FanPost

Draft Round and MLB Performance

After reading a bit of the discussion about the Pirates' drafts, I began to get the feeling that it was a bit short on real data. To address this I took Fangraphs' data for Wins Above Replacement for 2010 and 2011, and asked "How did the most successful players enter professional baseball?" The most successful players ranged from an fWAR of 15.0 (Joey Bats) to -0.4 (Adam Lind). Now, if anybody wants to do this for pitchers, I won't get in the way.

There were 134 hitters listed. Of these 46 (34%) were taken in round 1 of the draft, 12 in round 2 (9%), 6 (5%) in round 3, 5 in round 4, and 28 (21%) were taken after round 4. An additional 37 (28%) were international free agents.

Round 1 is really important. A fail there dramatically hurts the odds of getting a player who will have any impact. You can hope you'll snag a Nyjer Morgan (33), a Garrett Jones (14), an Albert Pujols (13), or a Gaby Sanchez (4), but the odds are not good.
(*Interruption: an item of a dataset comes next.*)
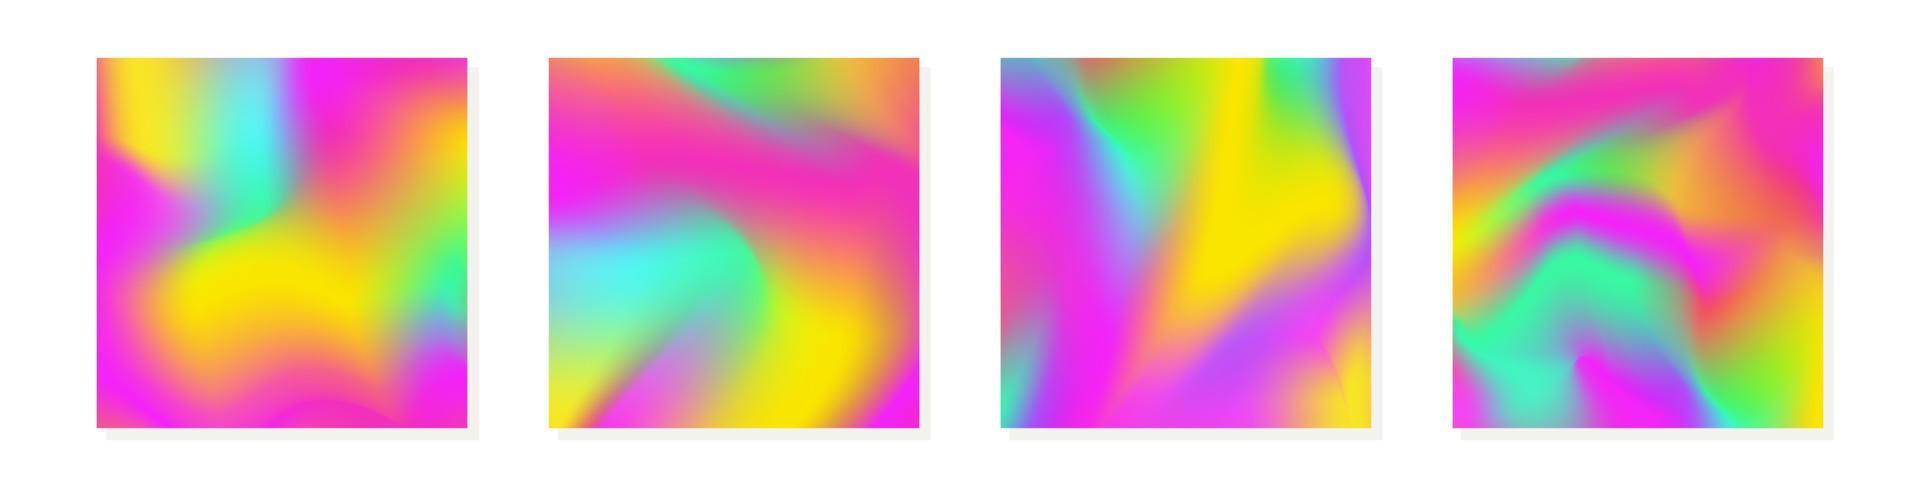 Holographie-Vektor-Cover-Design-Hintergrund vektor
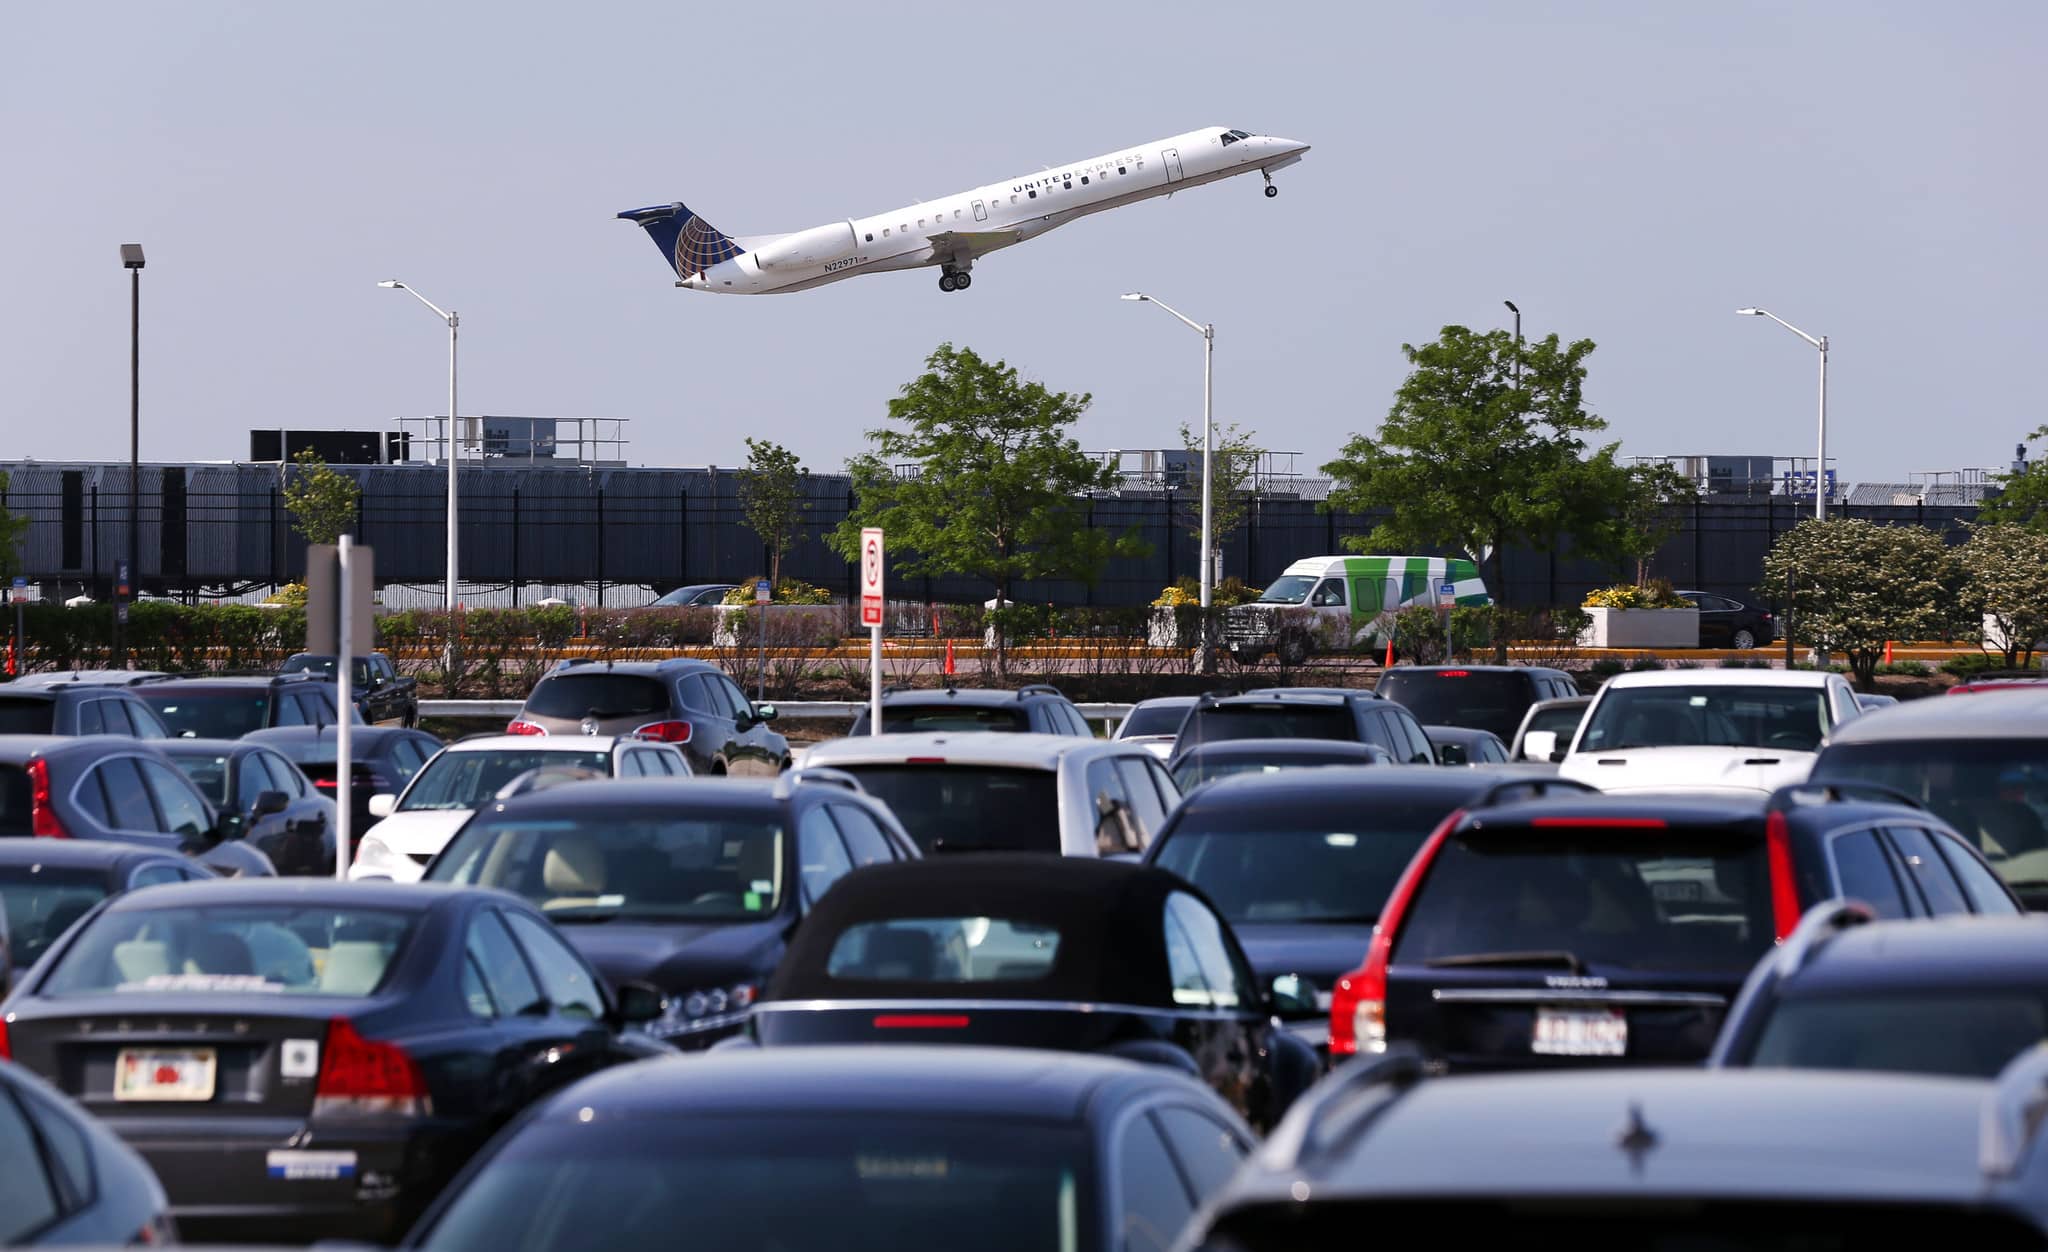 Tech Airport Parking Header Image

Sure, 38% of successful MLB hitters were taken after round 1, but the pool is 40 to 50 times bigger.

International free agents are really important too, and it's here that the Pirates really failed in the before Huntington years. Take a look at the 2008 lineup. Ronnie Paulino was the only international free agent who played a significant role and was signed by the Bucs. For a small-payroll club, that's pretty bad.

In my view, looking at the draft without looking hard at international free agents is really short-sighted. Especially if a big payroll is out of the question.